Top 3 Headlines
Emirates Premium Economy to reach 99 destinations by Q4 2026

Emirates has detailed how it plans to scale Premium Economy across its widebody fleet and network, tying the rollout to aircraft retrofit milestones (including a reconfigured high-density A380 coming 14 April) and targeted route deployments through 2026. This is an important competitive signal for premium-yield positioning out of DXB. In the Middle East, Emirates will be offering Premium Economy across its five-weekly flights to Basra from 1 May.
DXB forecasts 99.5m passengers in 2026

After its record performance of 95.2m passengers in 2025, Dubai Airports expects DXB to approach the 100m passenger mark this year, showing continued capacity needs and the strategic momentum behind the Al Maktoum International (DWC) expansion programme. The largest markets for the airport are still Britain, Saudi, and India, while Italy, Egypt, and China have all recorded double-digit growth in the last 12 months.
1/16 Airbus A350-900 for EgyptAir

EgyptAir has received the first of its A350-900s, which are part of a 16-aircraft order, marking a significant fleet modernisation step that supports longer-haul network ambitions from Cairo and raises the bar on product and fleet competitiveness in North Africa and beyond. The aircraft have two-class configurations with 30 Business Class suites with direct aisle access and 310 Economy Seats.
Noteworthy
- Etihad reported 2.2m passengers in January 2026 (up 29% YoY), signalling continued demand momentum out of Abu Dhabi alongside a year-on-year load factor improvement. This is a useful context for tracking AUH capacity and competitive share versus neighbouring hubs.
- Emirates has signed an interline agreement with China’s Loong Air expanding Emirates’ beyond-gateway access, simplifying through-ticketing and baggage.

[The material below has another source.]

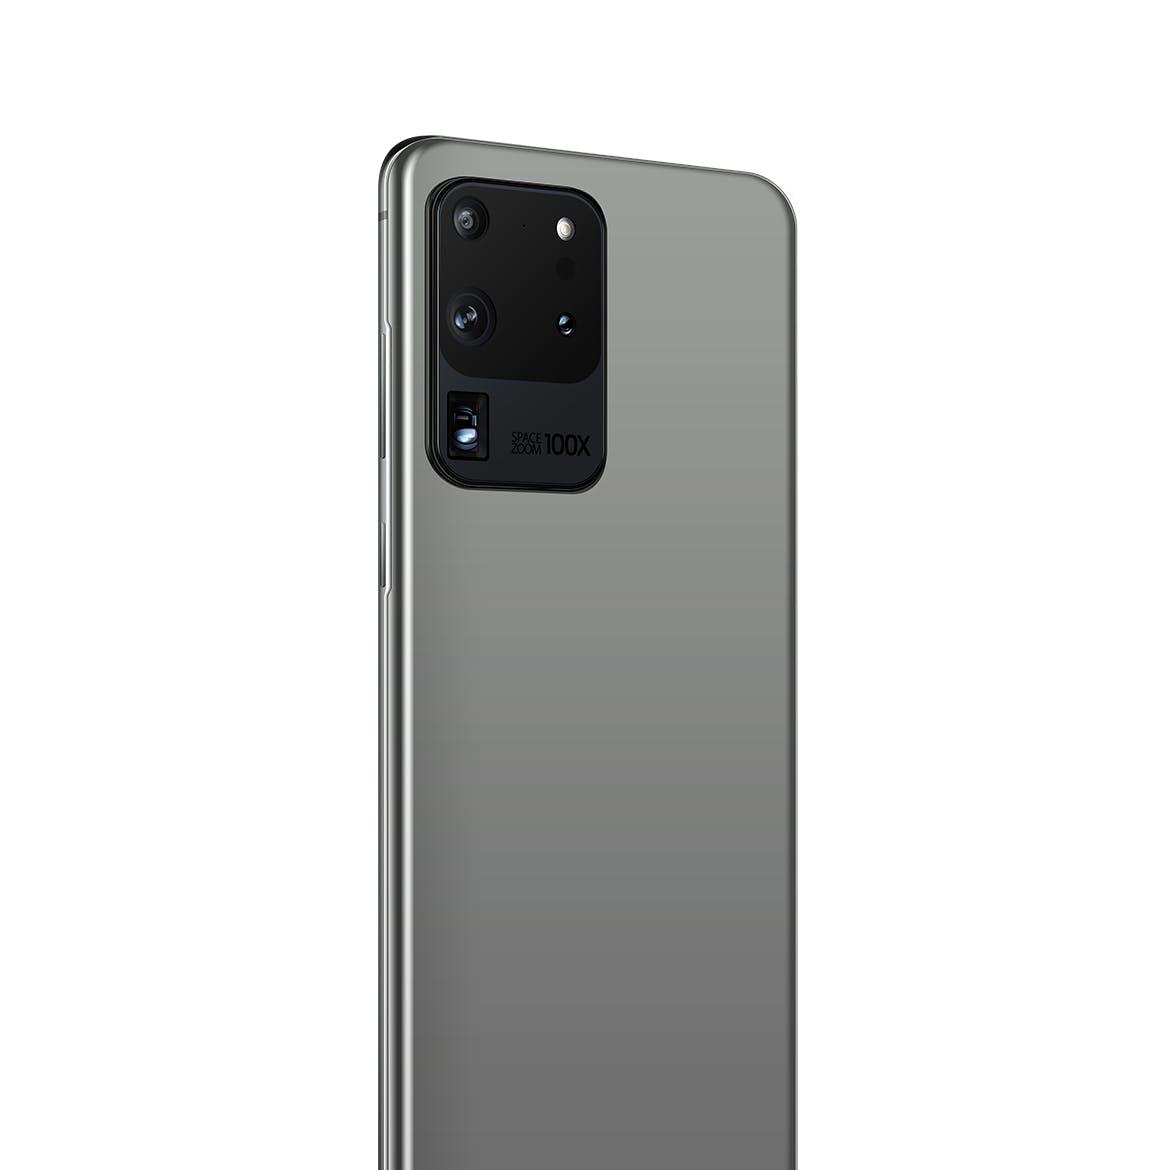 三星Galaxy S20 Ultra智能手机UI设计屏幕预览第一素材精选样机 S20 Ultra Layered PSD Mockups插图(4)

This is an incremental but meaningful connectivity play for China flows via Dubai.
- The UAE’s GCAA and Ministry of Defence signed for phase four of the Airspace Restructuring Project, aimed at upgrading air traffic management and increasing route capacity, an enabling move for airport and airline growth plans.
- AirAsia X announced a London relaunch using Bahrain as a hub, signalling an attempted low-cost long-haul connectivity play that could stimulate new flows through BAH. It also adds a fresh competitive angle for Gulf hubs on certain price-sensitive segments.
- General Authority of Civil Aviation (GACA) granted AirX Charter authorisation to operate domestic on-demand private flights in Saudi Arabia, expanding customer choice in business/private aviation and aligning with Saudi’s broader aviation market development objectives. It also confirmed Riyadh will host the 2026 Future Aviation Forum 20-22 April this year.
- Turkish Airlines disclosed plans to start scheduled services to Urumqi (subject to conditions), strengthening its China network optionality and adding another long-haul growth marker for IST connectivity strategy.
- Flyadeal has marked the first anniversary of Pakistan flights with an awards dinner in Karachi. The airline which now operates 18 non-stop flights per week across five destinations in Pakistan, showed its appreciation for both teams, and the fast growth of the service over the last year.